In Nichols v Nichols (Supreme Court of New South Wales, Needham J, 12 December 1986, unreported) the plaintiff who lived principally with his wife and family had a sexual relationship with the defendant, whom he supported including by paying her rent; they had children, whom he also supported. He purchased a flat and installed the defendant and their sons in it, where he spent at least one night per week. ...

It is now provided by statute that notwithstanding any rule of public policy to the contrary, two persons who are not married may enter into a domestic relationship agreement or termination agreement which is enforceable in accordance with the law of contract [(NSW) Property (Relationships) Act 1984, s 45, s 46]. But as the relationship between Mr Pratt and Ms Ashton did not contemplate cohabitation, it was not a domestic relationship within the Act.

In the more recent cases to which reference has been made, there are two notable features that have saved the relevant contract from illegality on the grounds of immorality: the first is that the contract did not bring about a state of extramarital cohabitation, but made provision in respect of one that already existed; and the second is that it did not involve meretricious sexual services, but a sexual relationship as part only of a wider relationship that included cohabitation and aspects of mutual support.
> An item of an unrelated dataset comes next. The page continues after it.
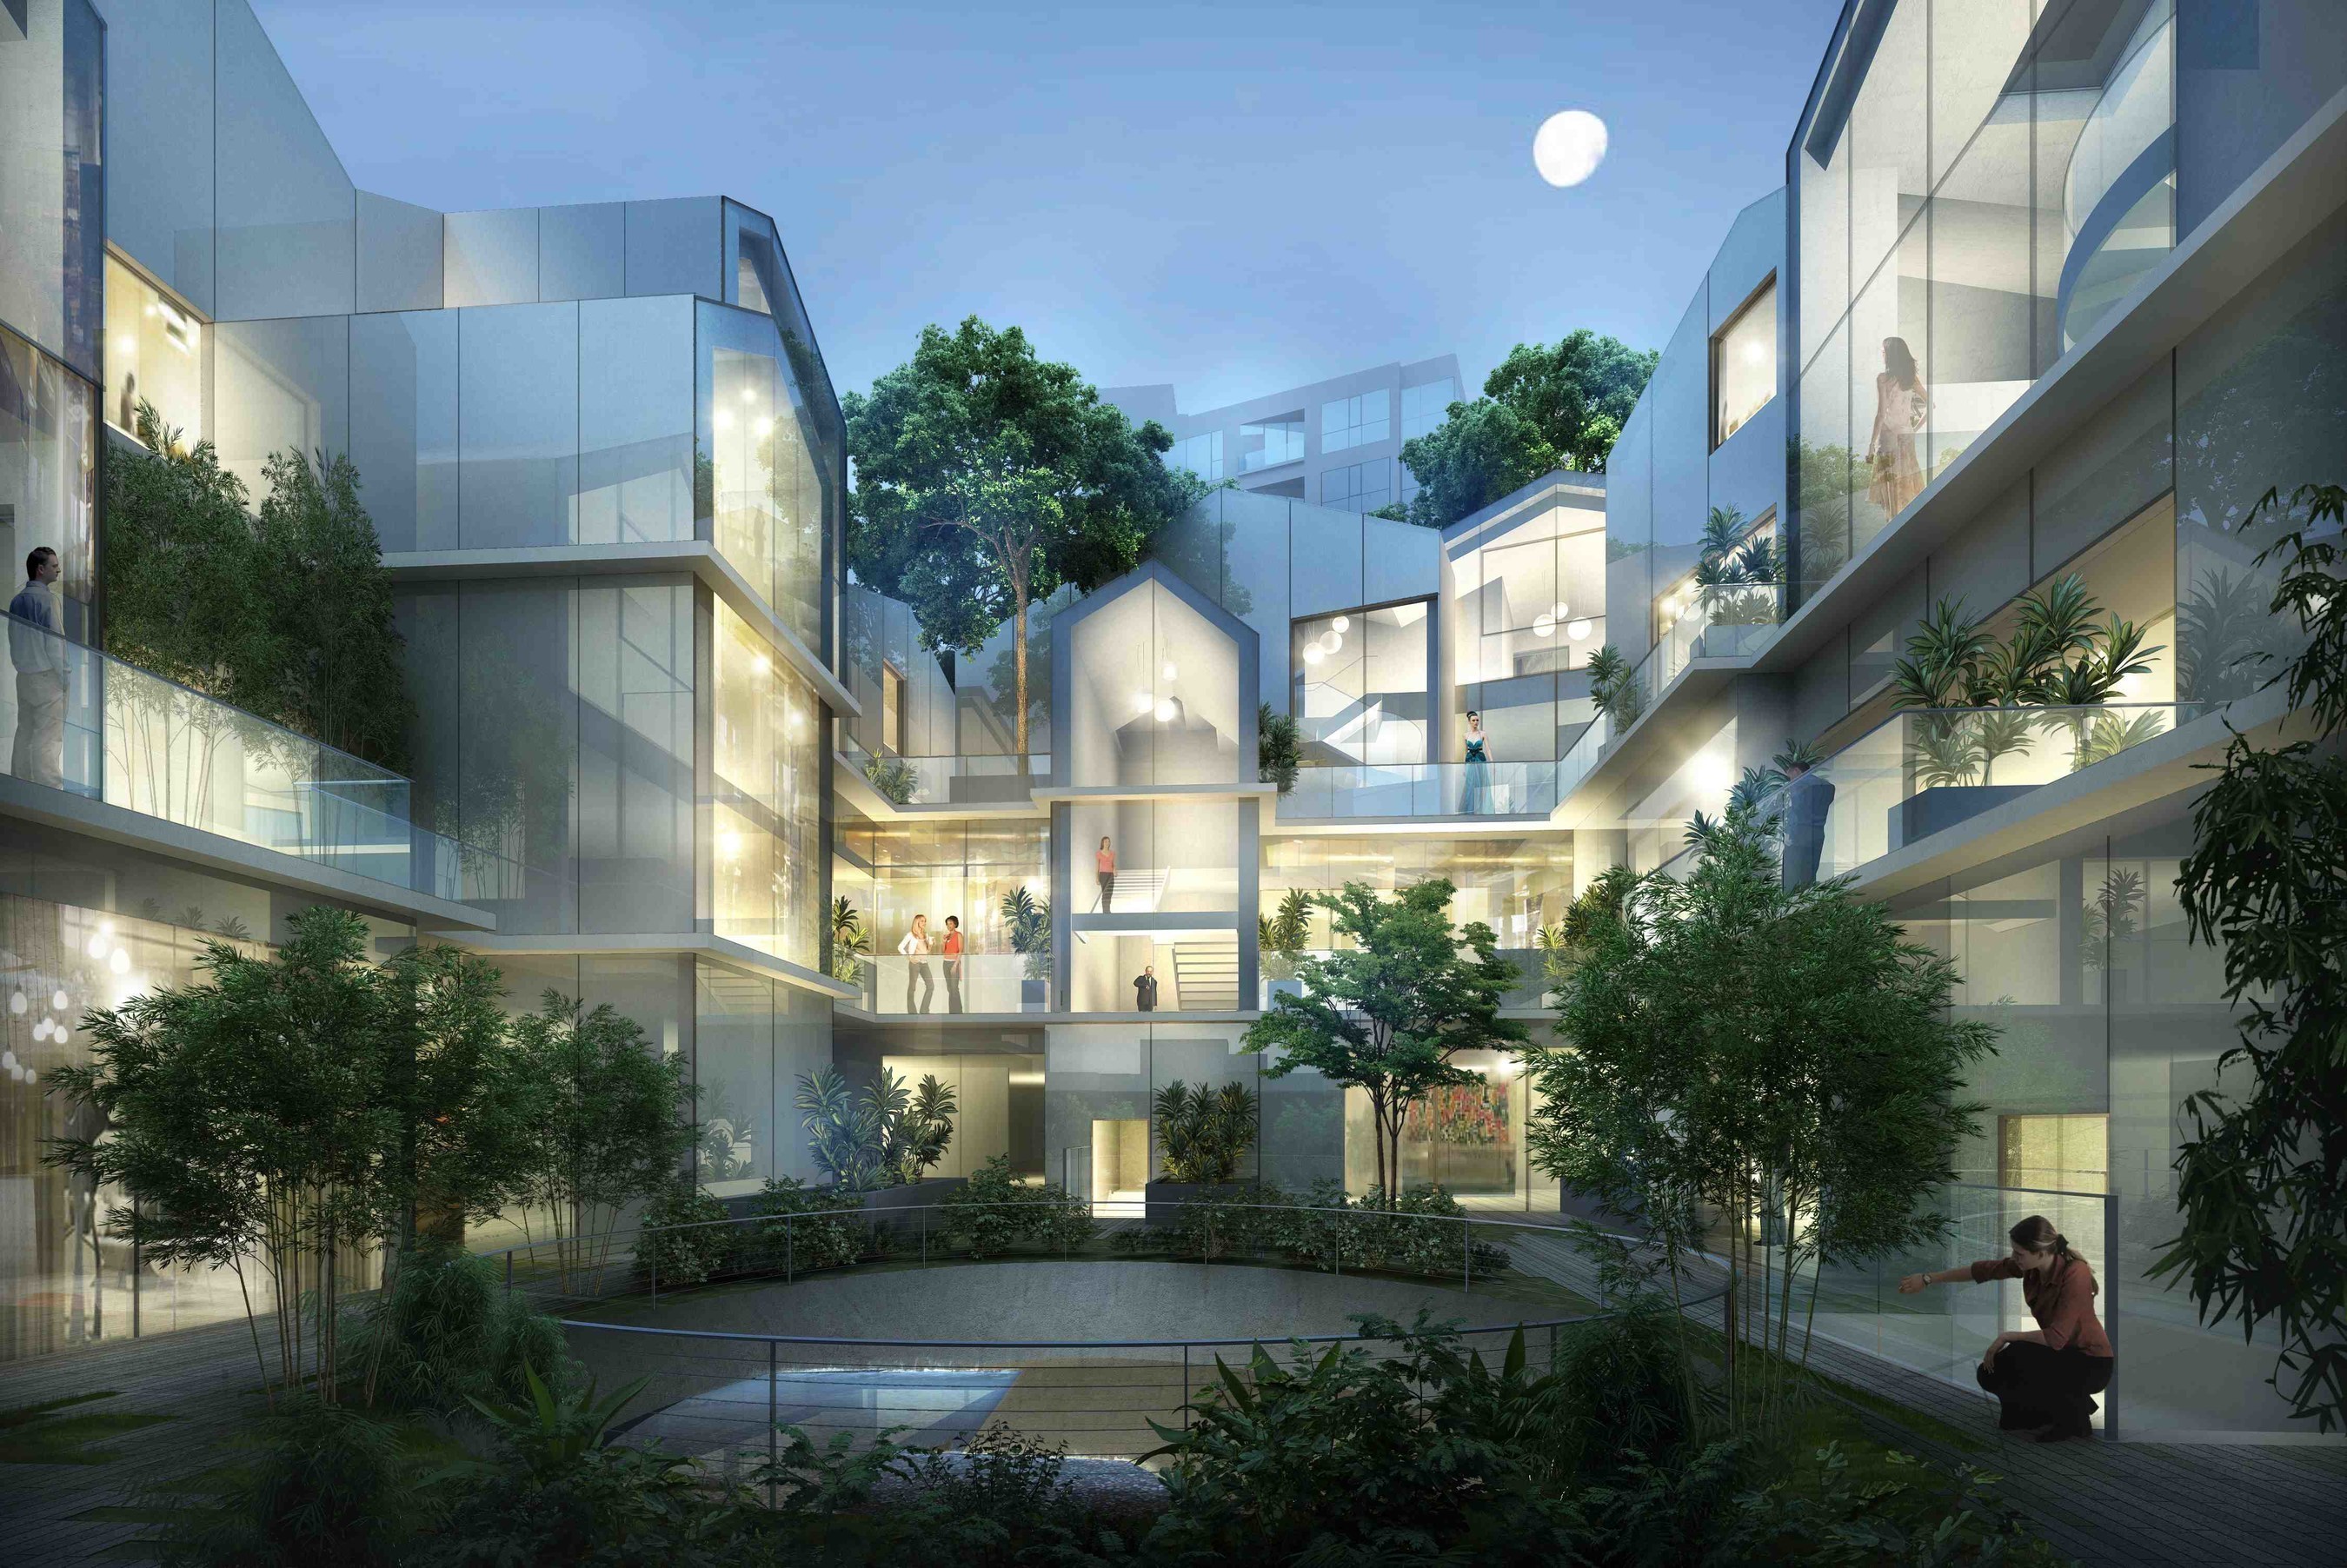 8600 Wilshire in Beverly Hills, courtyard rendering courtesy of MAD

As Hope JA pointed out in Seidler v Schallhofer (at 87), the effect of what Lord Wright said in Fender was that the agreement was not illegal as tending to encourage sexual immorality because the immorality already existed, and although the effect of the promise would be to continue it, the purpose of the promise was to bring it to an end after the divorce decree became absolute.

So far as I can tell, no case stands contrary to the proposition that it is still the law that a contract to provide meretricious sexual services is contrary to public policy and illegal. Seidler v Schallhofer said as much in 1982, as did Marvin v Marvin in 1976 in California. While social mores have no doubt continued to change, as authority stands such a contract remains contrary to public policy and illegal. This view of the law is confirmed by Markulin v Drew (New South Wales Supreme Court, Young J, 12 August 1993, unreported), which bears considerable similarity to the present case. The plaintiff (woman) alleged a contract whereby she was "to see the deceased every three months as well as telephoning him occasionally, and the deceased would pay her $40,000 clear per year, purchase her a 'top' car and a beautiful home anywhere in Sydney she'd like to live, as well as providing a large sum of money which would be sufficient for the plaintiff to live on for the rest of her life without working for a living". Illegality (for promoting sexual immorality) was pleaded as a defence. Young J (as his Honour then was) reviewed the authorities, and, adopting the statement in Treitel on Contracts, 8 th ed, 390-392, that "a distinction is now drawn between contracts with purely meretricious purposes and those which are intended to regulate stable extra marital relationships", accepted that neither in England nor Australia did the law now refuse to enforce as illegal contracts which involved cohabitation between people who are not married to each other - even if one or both of them is married to someone else - but also observed that the former rule had not been completely deprived of content. His Honour explained:
Accordingly the distinction that Treitel is making is between a man and a woman who are sharing a life together though not married including sexual relations on the one hand and a man and a woman who are living independent lives but the man is rewarding the woman for sexual services which she provides from time to time. Indeed, in this modern age it may be that it is the woman who is rewarding the man for sexual services he provides from time to time.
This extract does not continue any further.